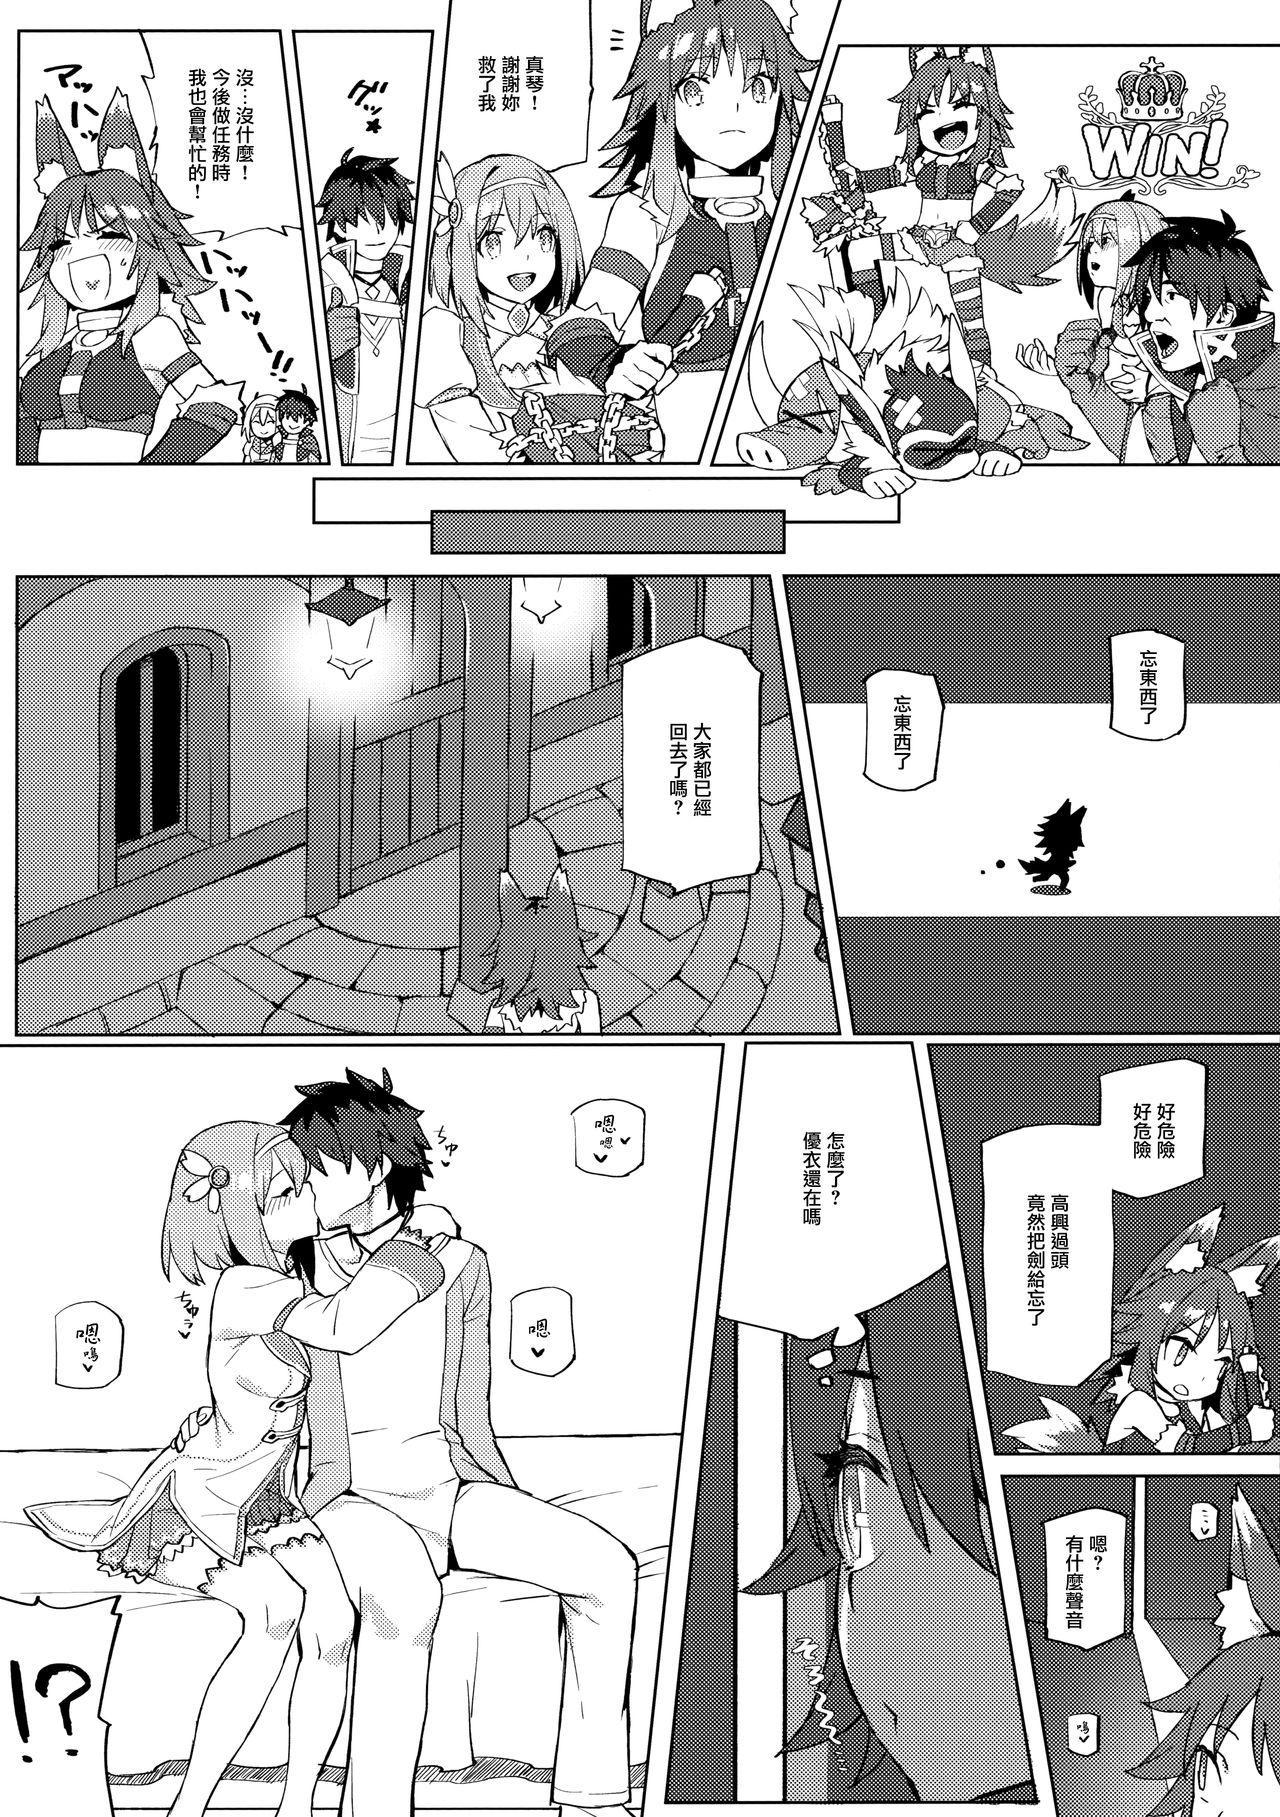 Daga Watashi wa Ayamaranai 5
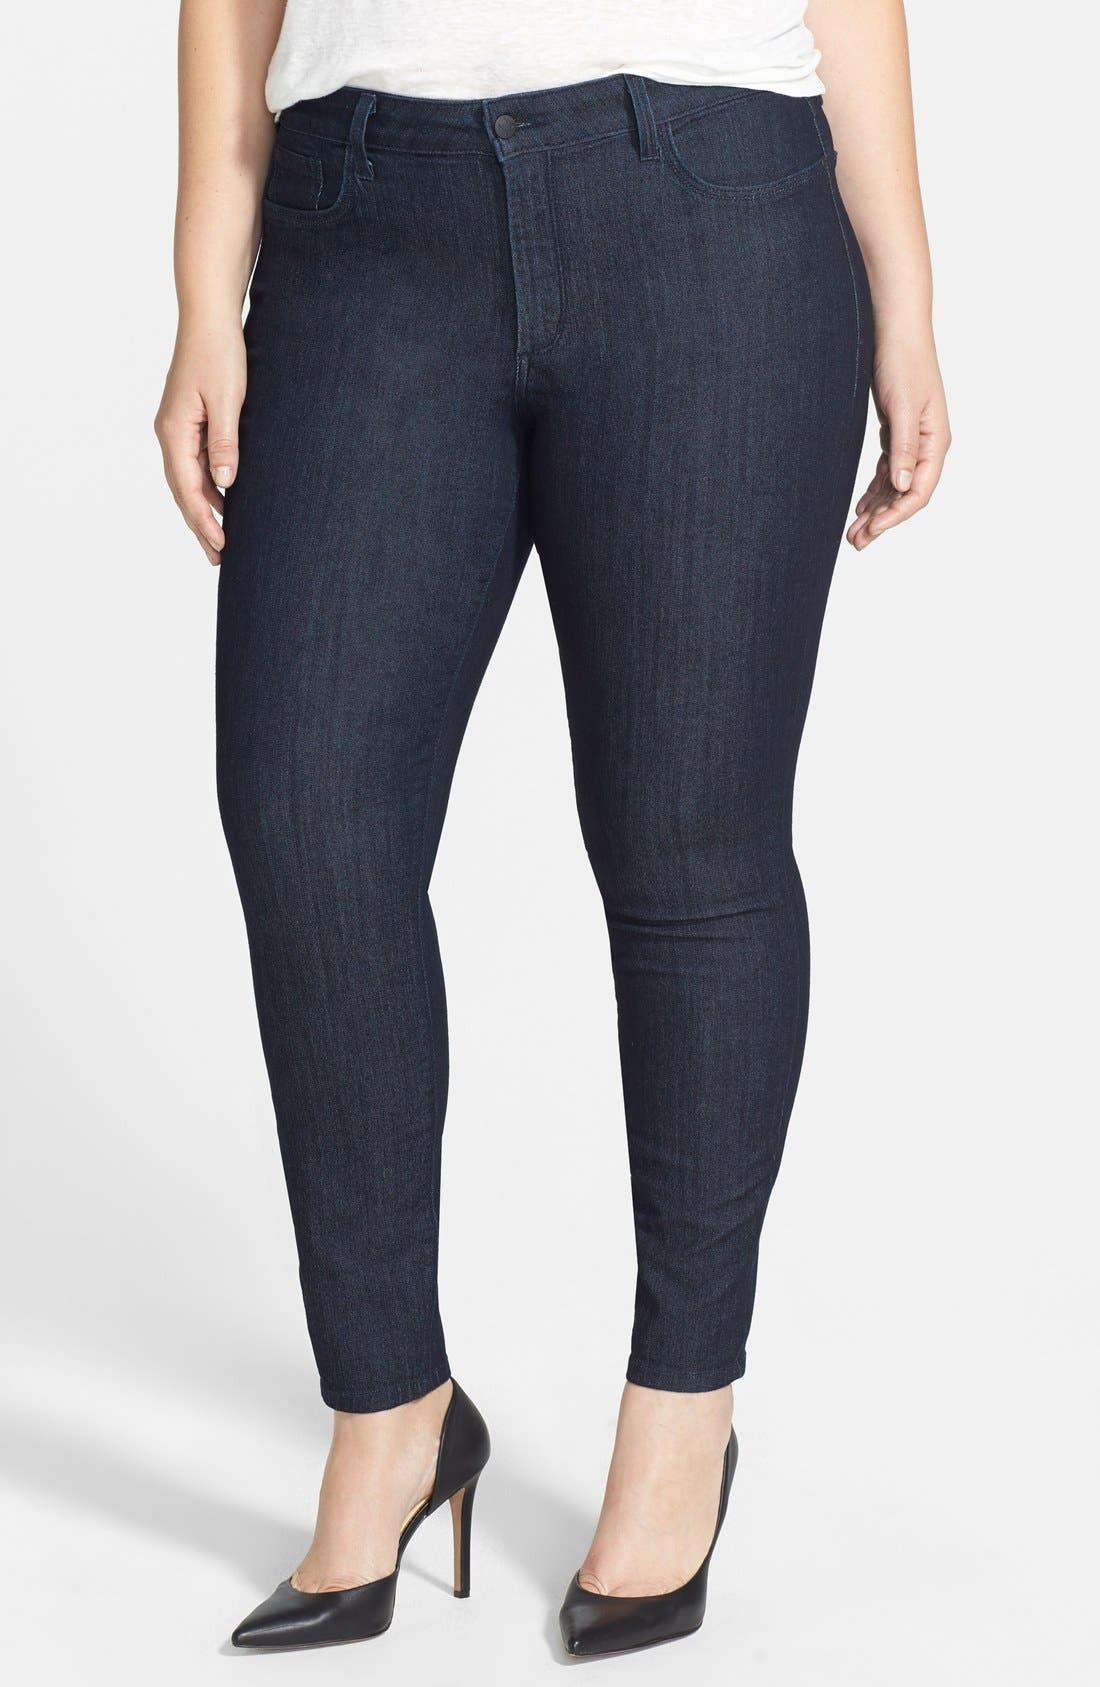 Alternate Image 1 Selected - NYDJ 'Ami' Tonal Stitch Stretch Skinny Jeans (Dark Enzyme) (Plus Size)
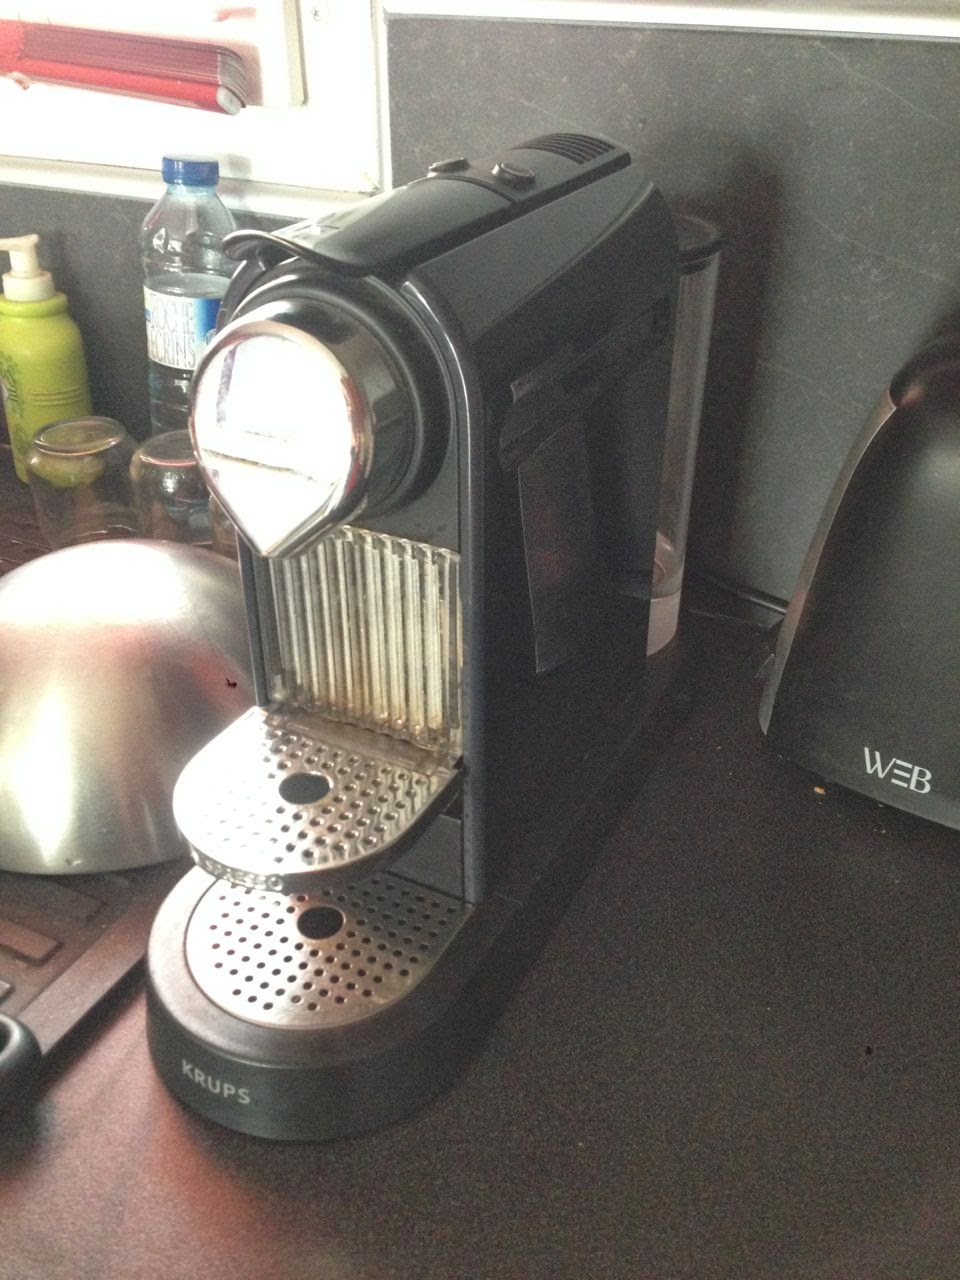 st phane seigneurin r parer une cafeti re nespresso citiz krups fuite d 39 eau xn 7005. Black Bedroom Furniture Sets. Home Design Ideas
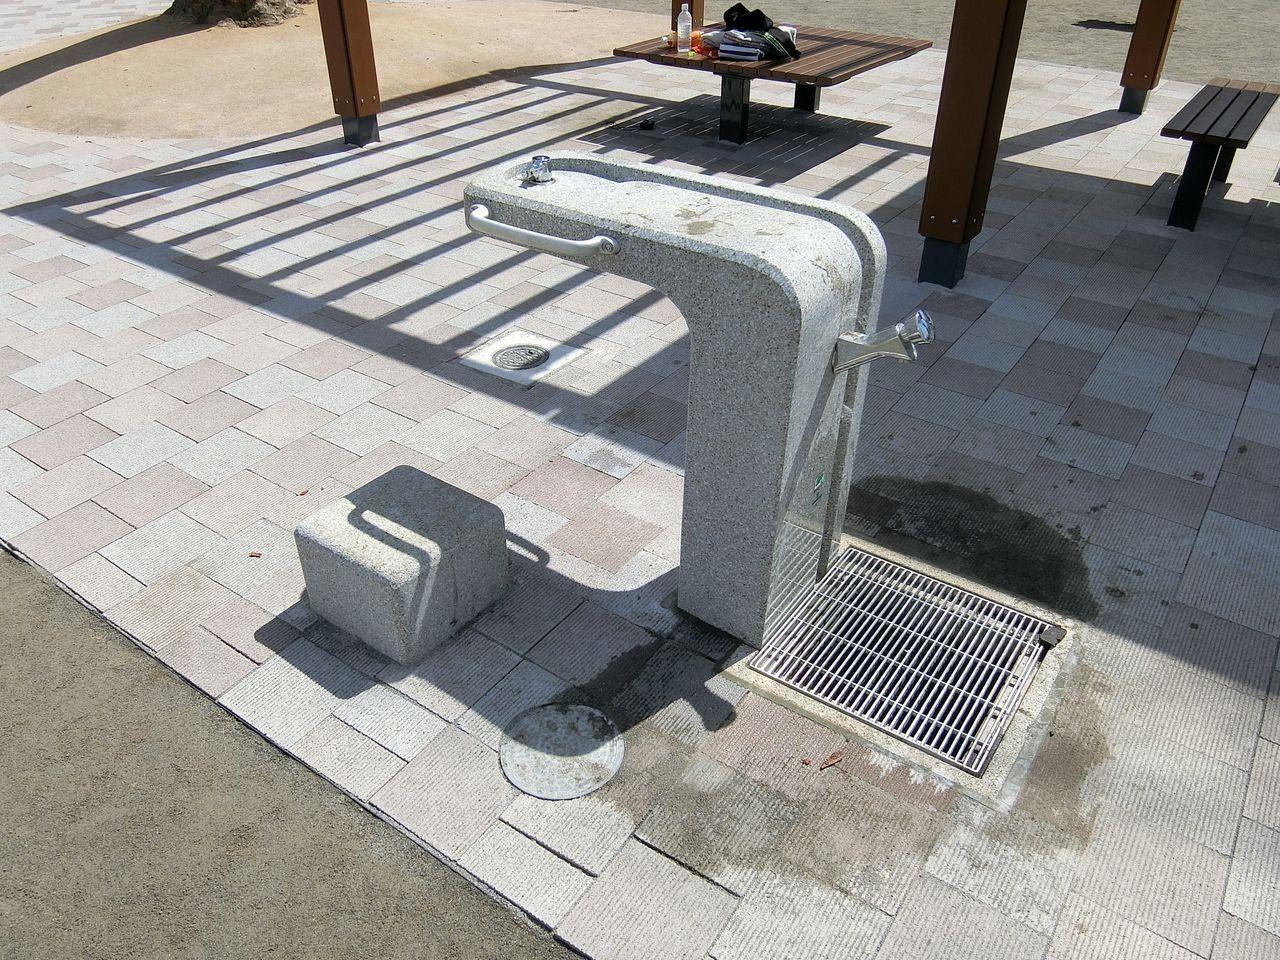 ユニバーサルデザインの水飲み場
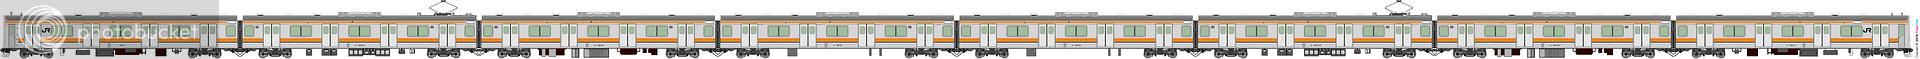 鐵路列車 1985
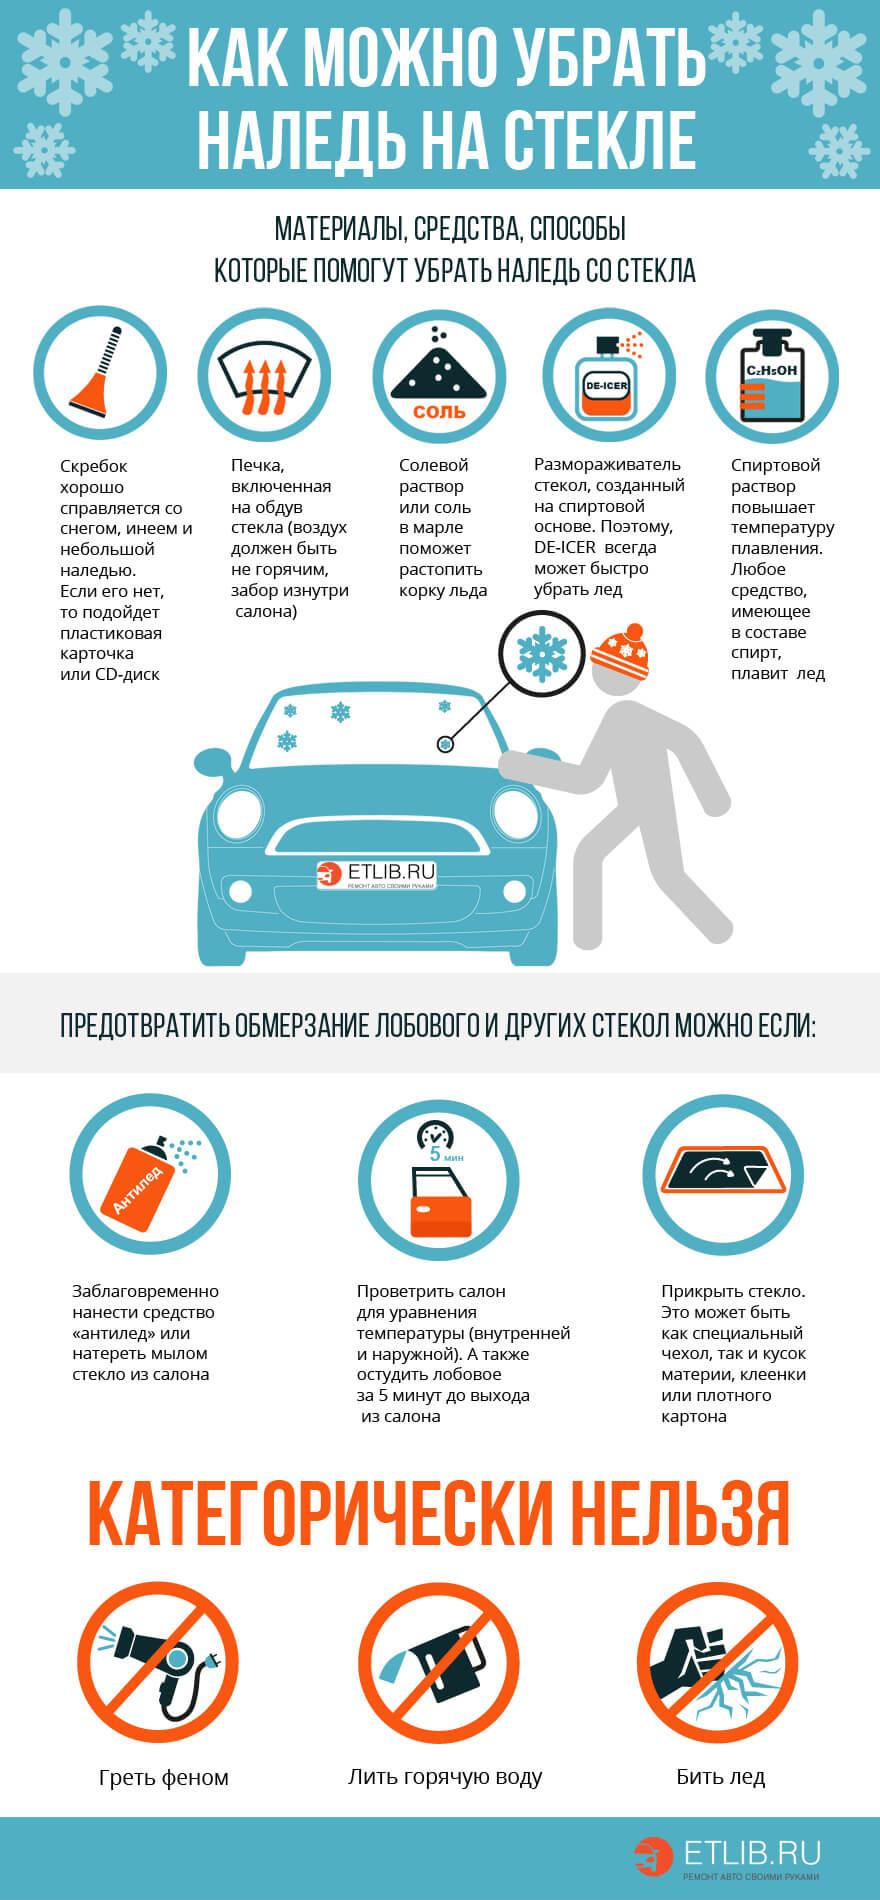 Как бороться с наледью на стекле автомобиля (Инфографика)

....................

Problem to solve: The lines to copy begin at the one containing "st phane seigneurin" and end at the last line of the records. Set down exactly those lines and no others, both ends included, and omit all pictures.

Result:
 st phane seigneurin r parer une cafeti re nespresso citiz krups fuite d 39 eau xn 7005. Black Bedroom Furniture Sets. Home Design Ideas
 ユニバーサルデザインの水飲み場
 鐵路列車 1985
 Как бороться с наледью на стекле автомобиля (Инфографика)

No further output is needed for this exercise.